Applied LLMs
Catastrophic Forgetting in Fine-Tuning
Full fine-tuning on a narrow task silently destroys general capabilities baked in during pre-training, and understanding why this happens is the prerequisite for choosing any mitigation strategy.
intermediate · 8 min read
Fine-tune GPT-style model on a single-domain dataset for a few epochs and you will likely ship a model that scores higher on that domain's benchmark while quietly forgetting how to perform arithmetic, answer general trivia, or even follow instruction formats it handled effortlessly before. The benchmark looks great; the production complaints arrive later.
This phenomenon is called catastrophic forgetting, and it is not a bug in any one training library. It is a structural property of how gradient descent updates shared weights.
What Actually Happens to the Weights
A pre-trained LLM encodes a vast number of capabilities in its weight matrix values. Each gradient step during fine-tuning moves weights to reduce loss on the new task. Because the same weights serve both old and new knowledge, a step that helps the new task can hurt the old one. There is no mechanism in standard stochastic gradient descent (SGD) or Adam to preserve previous capabilities unless you explicitly encode that constraint.
The interference is not random. Weights that are most important for the target task tend to be updated most aggressively. If those same weights were also load-bearing for a prior capability (say, general commonsense reasoning), that capability degrades proportionally.
A useful framing: think of the loss landscape as a high-dimensional surface with many minima. Pre-training finds a minimum that satisfies many tasks simultaneously. Full fine-tuning on one task moves the parameters toward a nearby minimum that satisfies the fine-tuning objective but may be far from the pre-training minimum for other tasks.
Formally, if \(\theta^*_\text{pre}\) is the pre-trained minimum and \(\theta^*_\text{ft}\) is the fine-tuned minimum, the divergence \(\|\theta^*_\text{ft} - \theta^*_\text{pre}\|\) grows with learning rate, dataset size, and number of epochs. There is no free lunch: the further you travel in parameter space, the more prior knowledge you can overwrite.

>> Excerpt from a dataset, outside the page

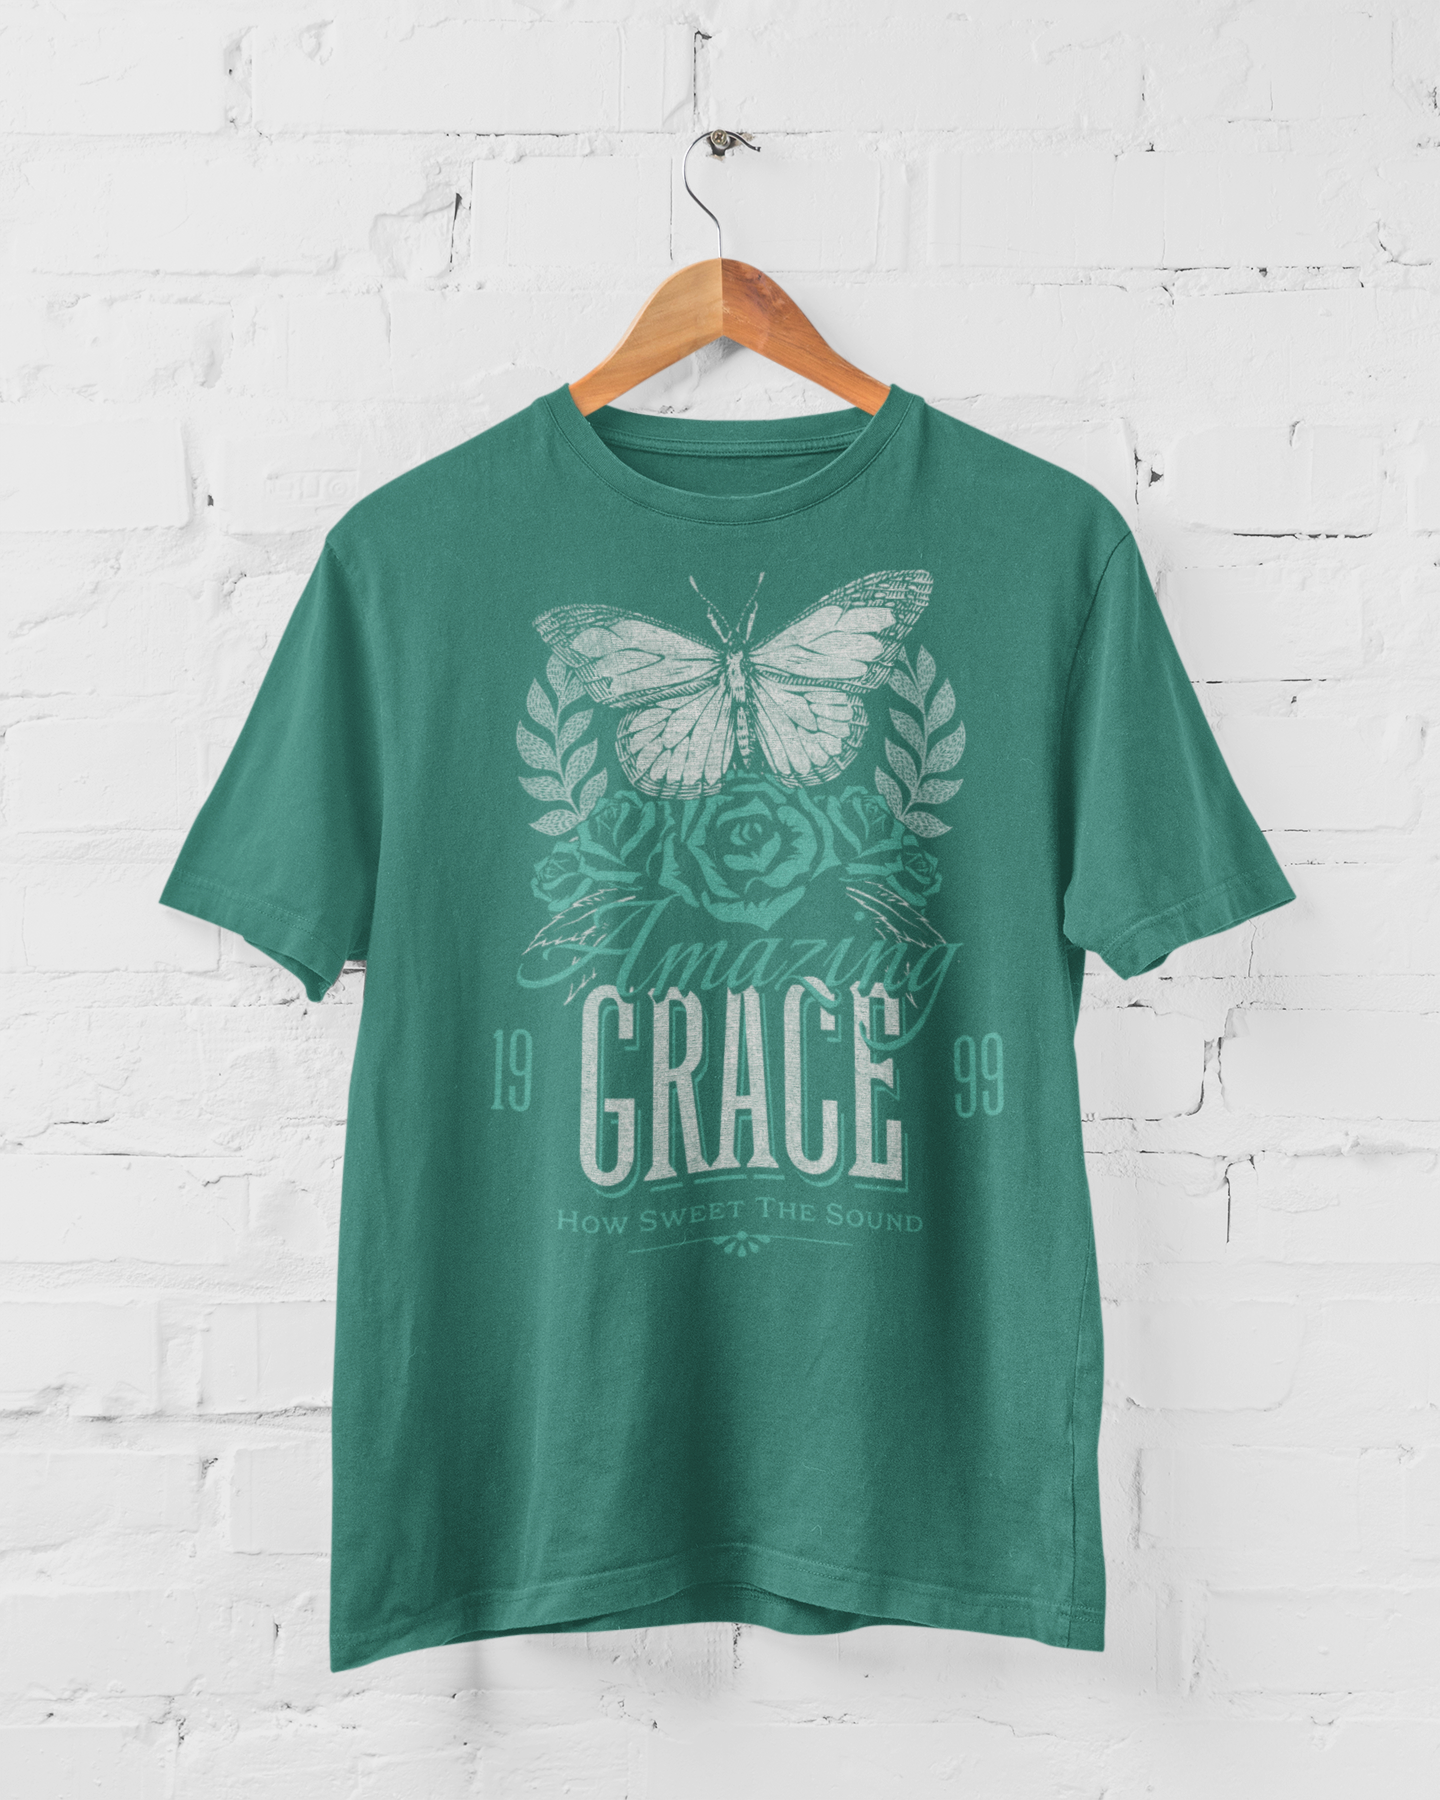 Amazing Grace Vintage tee

Why the Problem Is Worse at Scale
Counterintuitively, empirical work on models from 1B to 7B parameters has found that larger models sometimes exhibit more severe forgetting during continual instruction tuning, not less (Luo et al., 2023). One hypothesis is that larger models develop more specialised weight circuits during pre-training, so any given weight is more likely to be load-bearing for multiple capabilities. Disrupting those circuits during fine-tuning has a broader blast radius.

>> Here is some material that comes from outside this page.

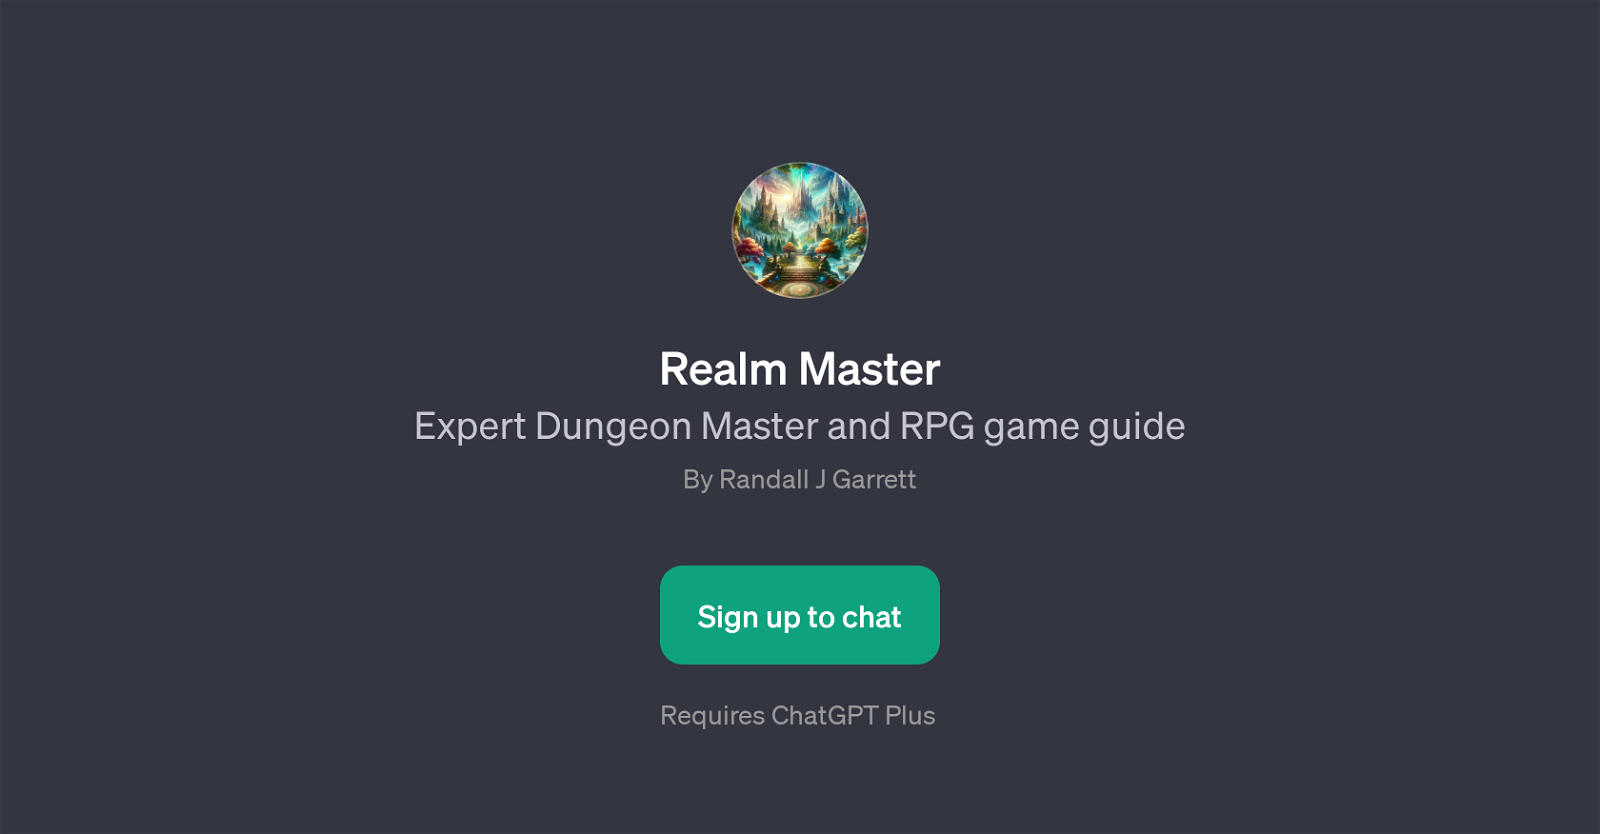 Realm Master website

A second compounding factor is dataset imbalance. Fine-tuning corpora are typically orders of magnitude smaller and narrower than pre-training corpora. A few thousand domain-specific examples will push loss down sharply on that domain; the gradient signal from everything else is simply absent, so those capabilities drift.
There is also an architectural dimension. Decoder-only models appear to retain knowledge better across sequential fine-tuning than encoder-decoder models in some settings, though this result is architecture- and task-dependent enough that it should not be treated as a universal rule.

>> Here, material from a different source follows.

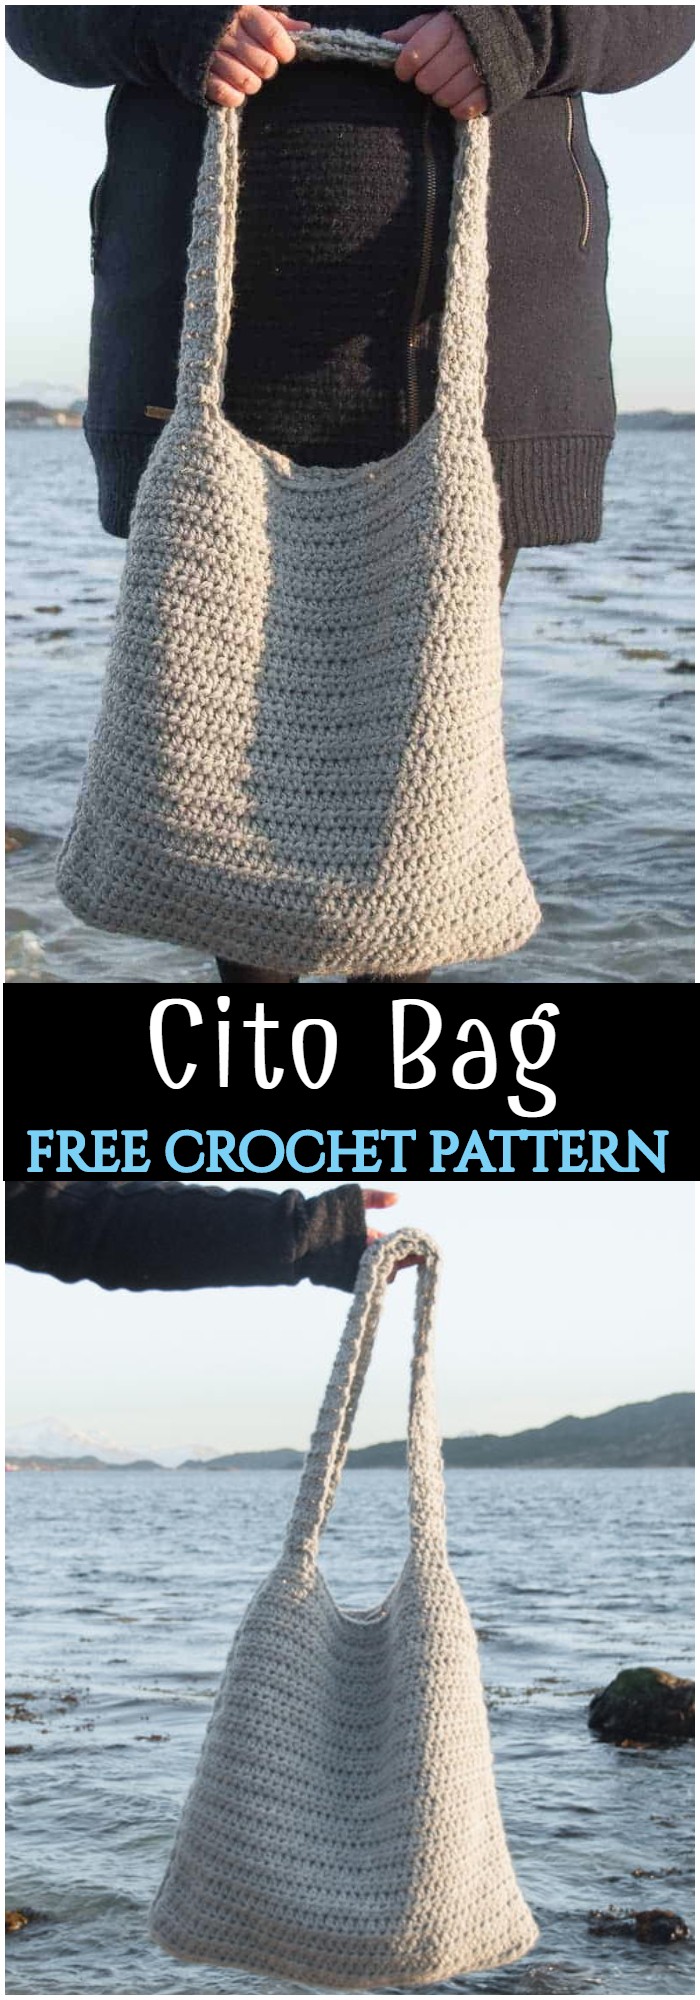 Crochet Pattern For Cito Bag

The Three Main Mitigation Strategies
1. Regularisation-based methods
Elastic Weight Consolidation (EWC) adds a quadratic penalty to the fine-tuning loss that resists movement of weights that were important for previous tasks:
\[\mathcal{L}_\text{EWC}(\theta) = \mathcal{L}_\text{task}(\theta) + \frac{\lambda}{2} \sum_i F_i (\theta_i - \theta^*_{\text{pre},i})^2\]Here \(F_i\) is the diagonal Fisher information estimate for weight \(i\), a cheap proxy for how much that weight contributed to prior task performance (Kirkpatrick et al., 2017). Weights with high Fisher values get penalised heavily for moving; inexpensive weights are left free to adapt. EWC was demonstrated on sequential MNIST variants and Atari games, but scaling the Fisher diagonal to billion-parameter LLMs is expensive and the approximation quality degrades.
2. Replay and data mixing
A conceptually simpler approach: mix a fraction of pre-training-style data back into the fine-tuning corpus. If 10-20% of each training batch is sampled from a general-purpose dataset, the gradient signal continuously reinforces prior capabilities. This is sometimes called "experience replay" in the continual learning literature, and "data augmentation" in practice.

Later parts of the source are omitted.